## DIRECTIONS FOR THIS TASK
Could the data below be copied exactly, minus the pictures?

## COLLECTED MATERIAL
Content starts

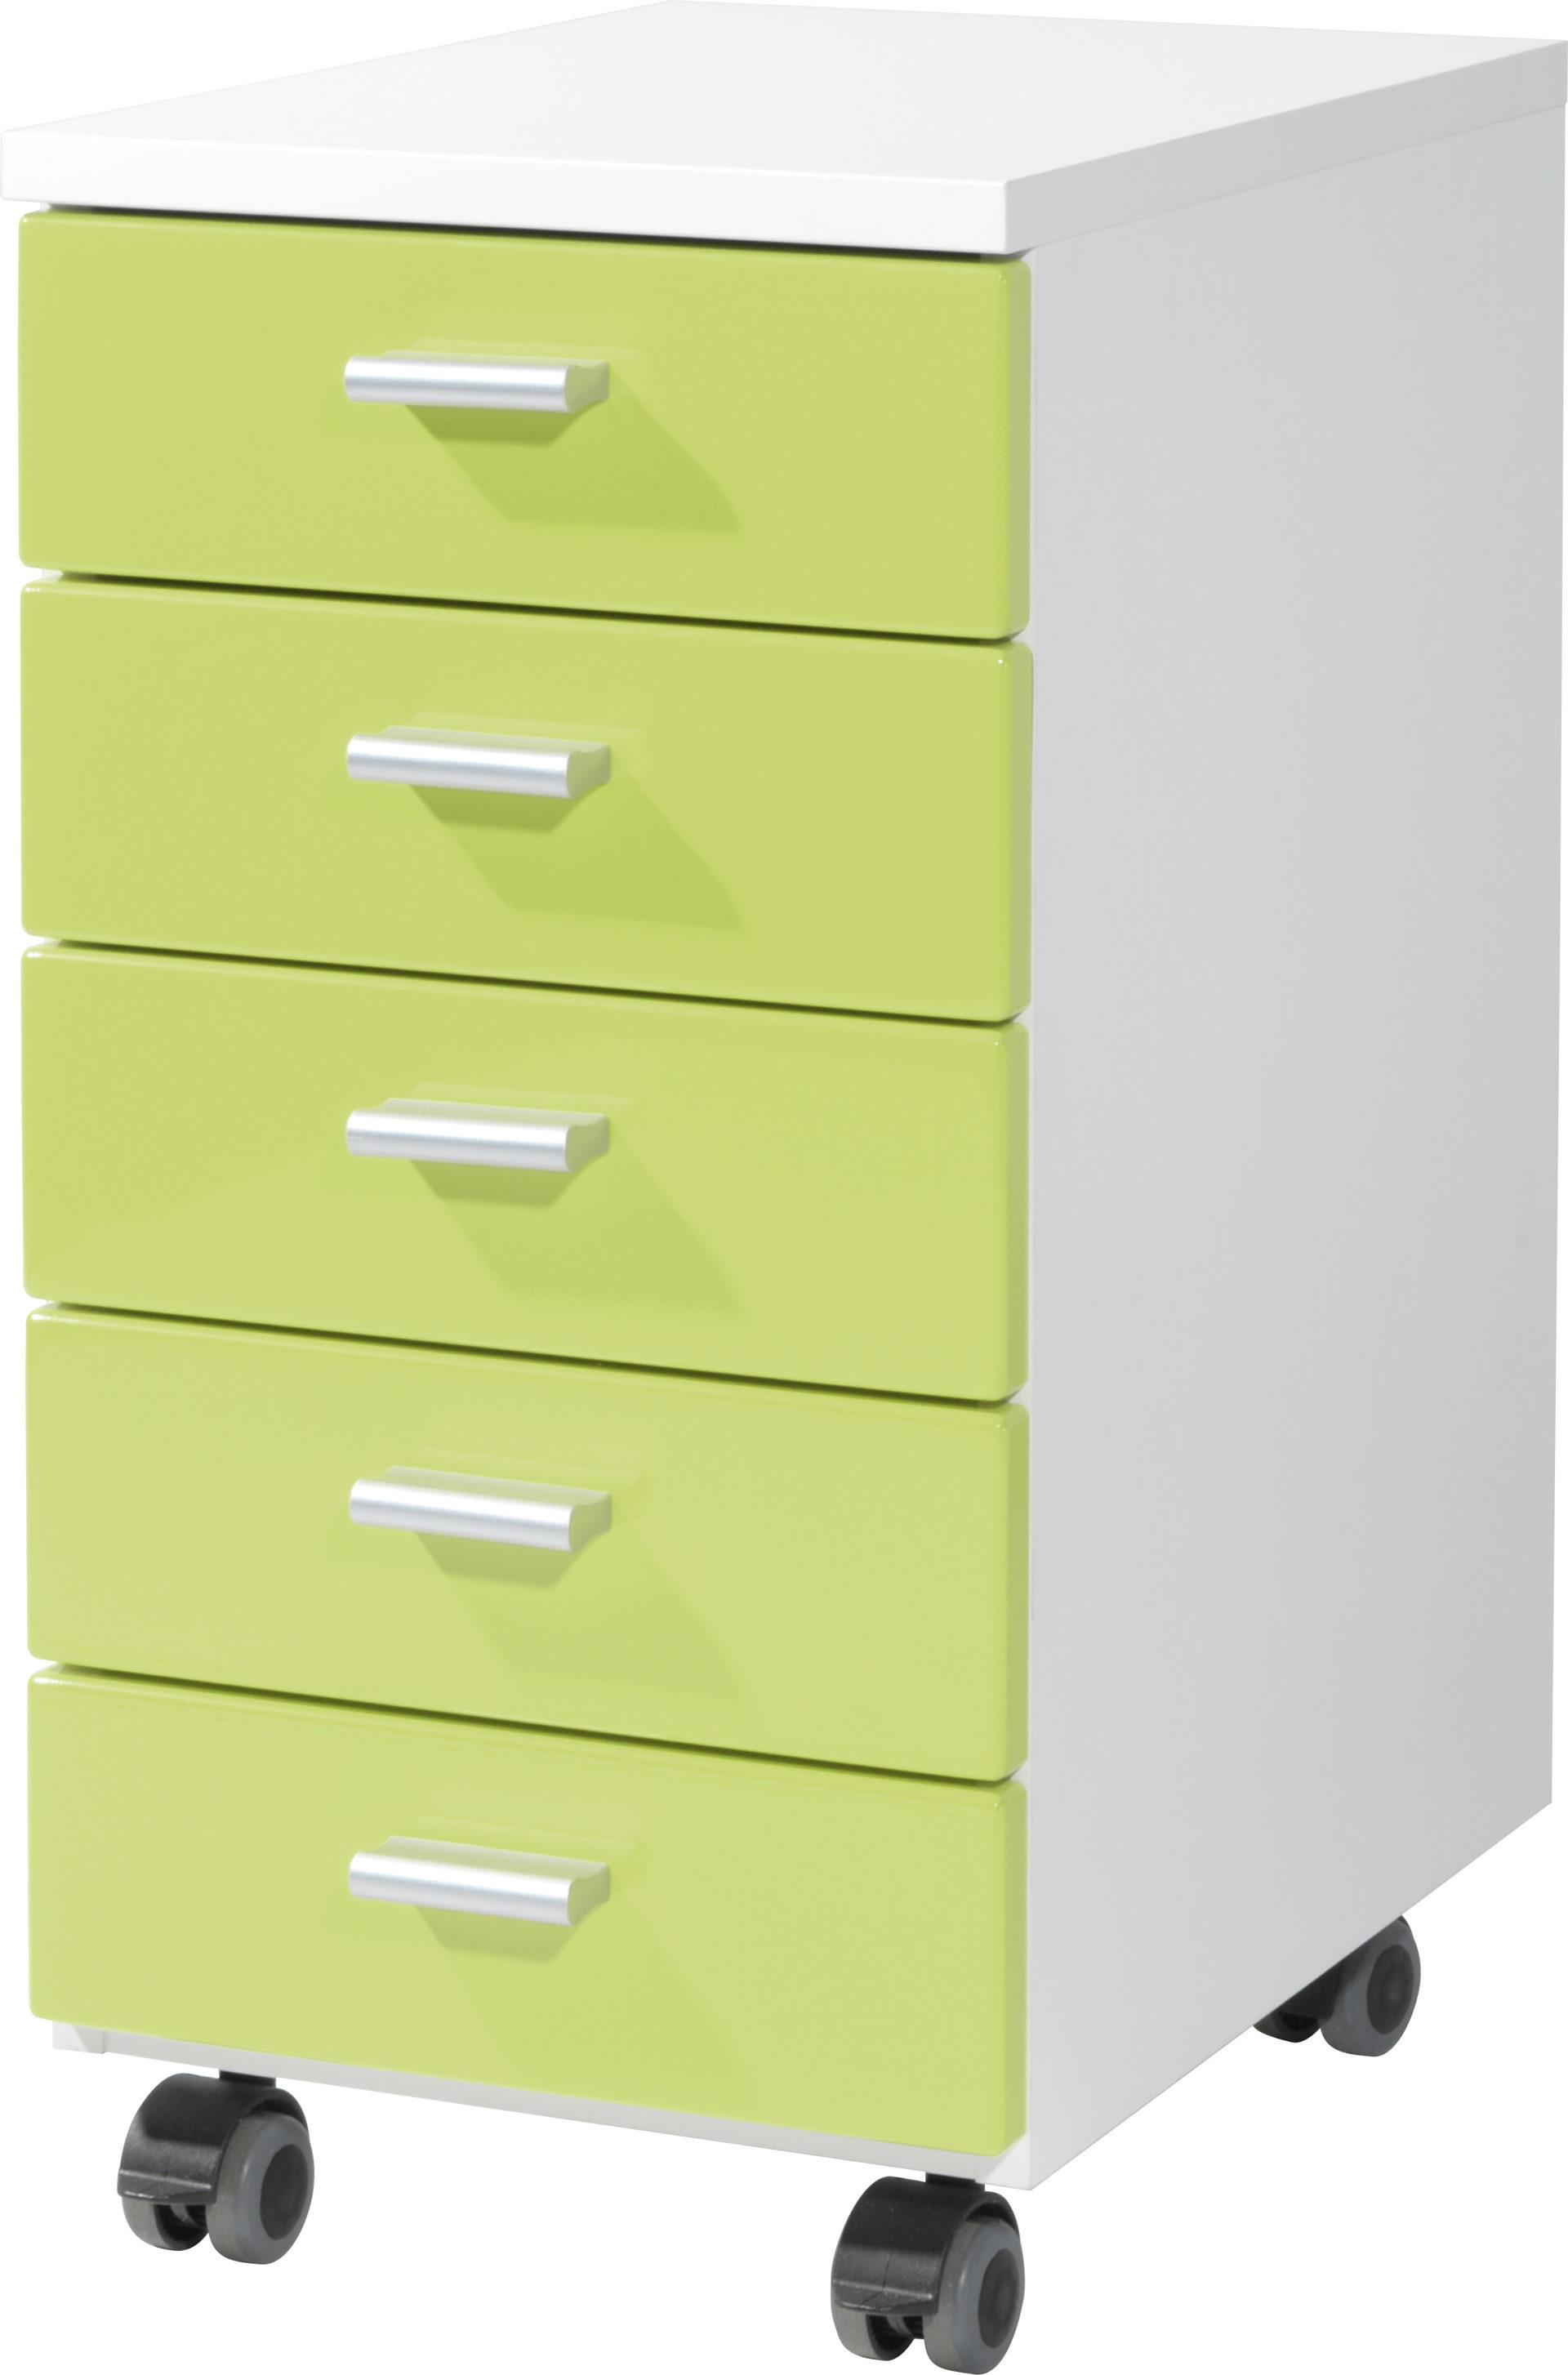 Büromöbel schrank holz  Rollcontainer 4099 als mobiles Büromöbel, apfelgrüne ...
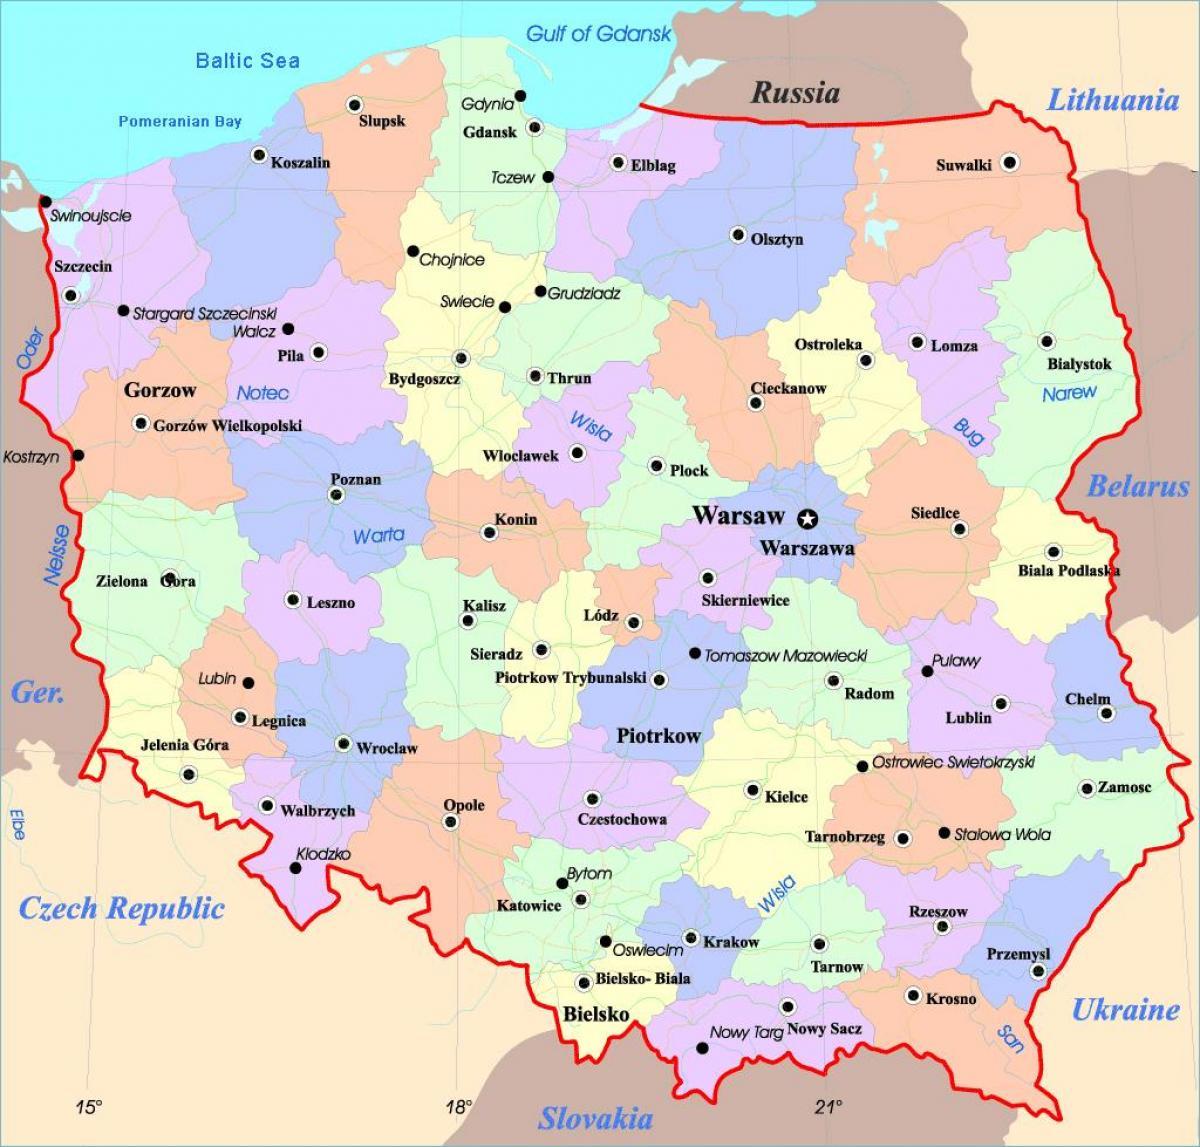 kart polen Polen byer kart   Kart over Polen byer (Øst Europa   Europa)
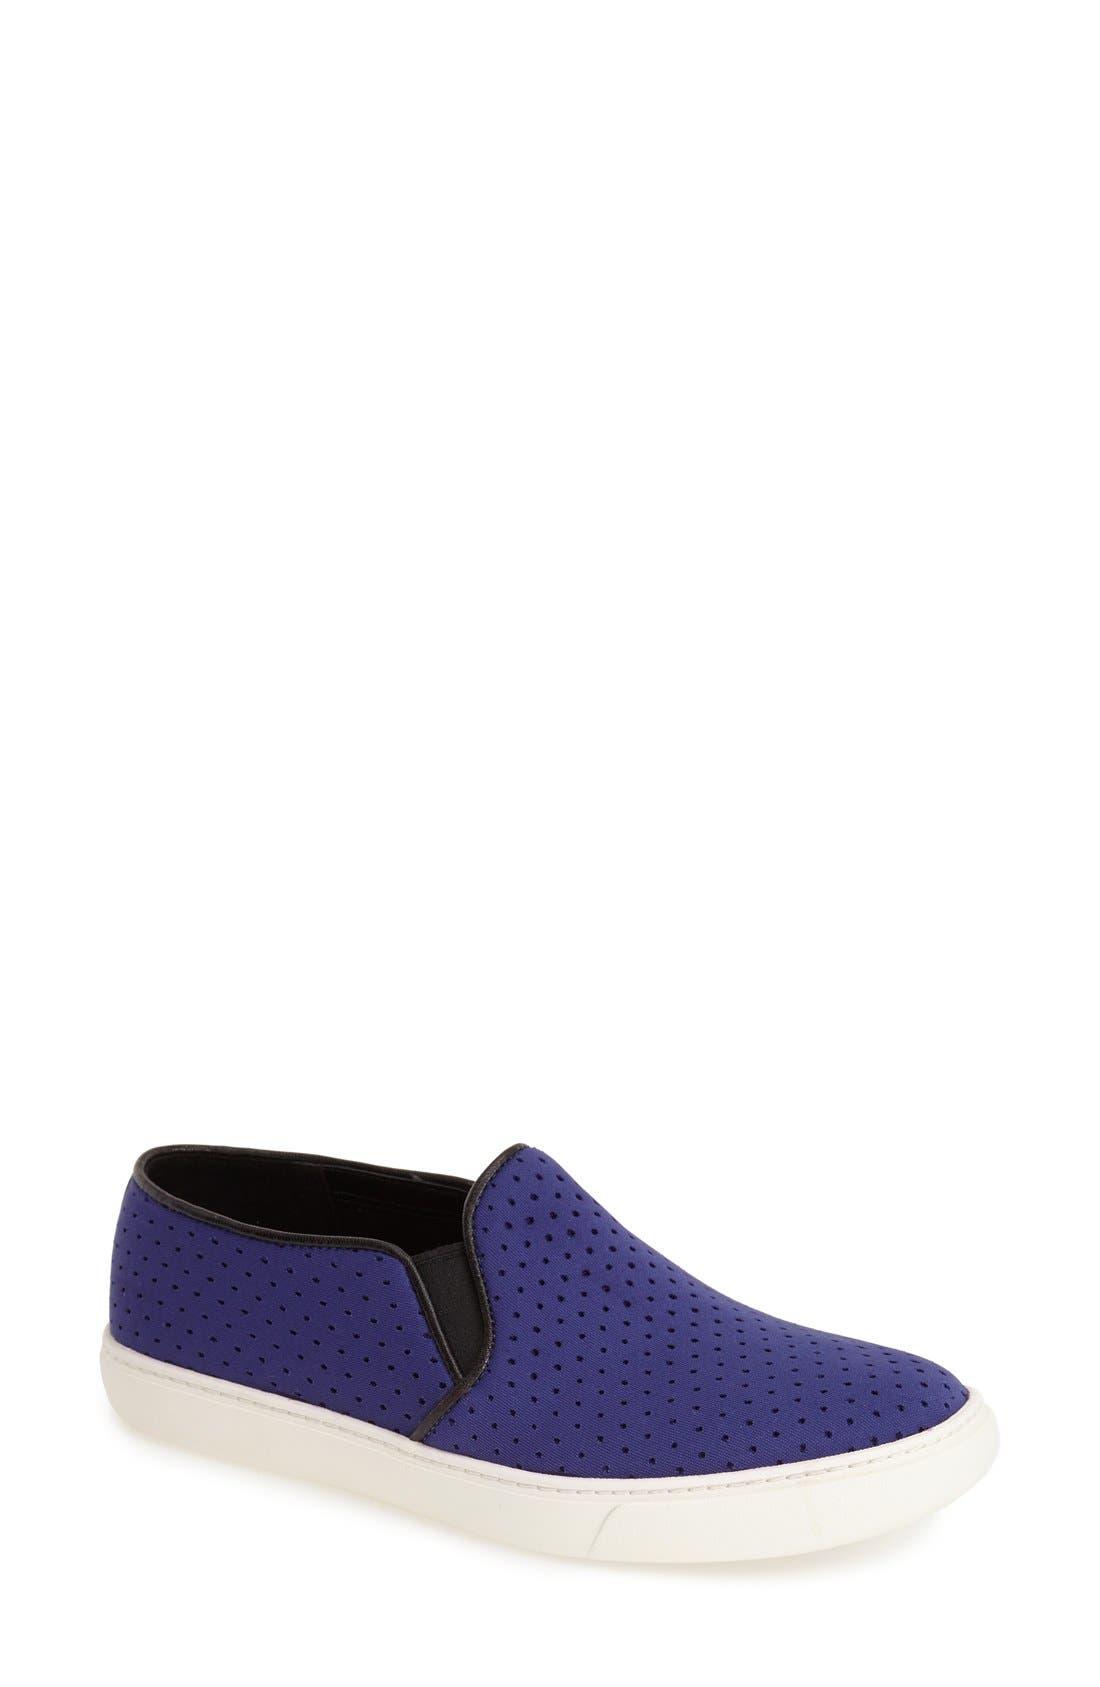 Alternate Image 1 Selected - Cole Haan 'Bowie' Slip-On Sneaker (Women)
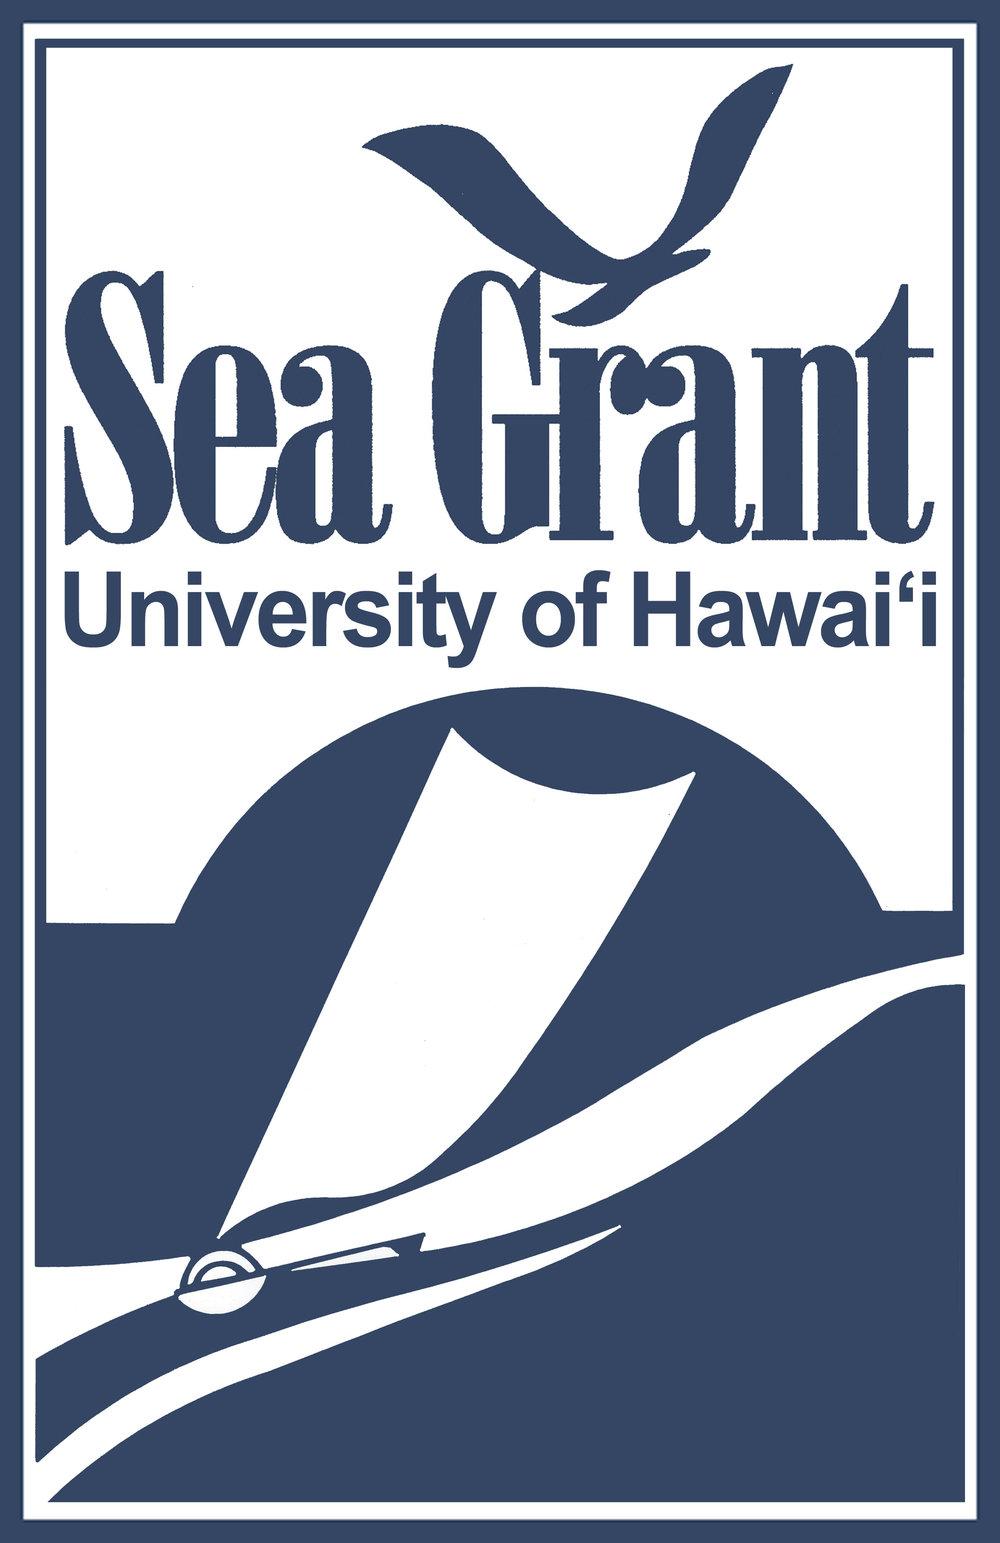 Sea_Grant_Logo.jpg

Content ends

## EXERCISE RESPONSE
 Büromöbel schrank holz  Rollcontainer 4099 als mobiles Büromöbel, apfelgrüne ...
 kart polen Polen byer kart   Kart over Polen byer (Øst Europa   Europa)
 Alternate Image 1 Selected - Cole Haan 'Bowie' Slip-On Sneaker (Women)
 Sea_Grant_Logo.jpg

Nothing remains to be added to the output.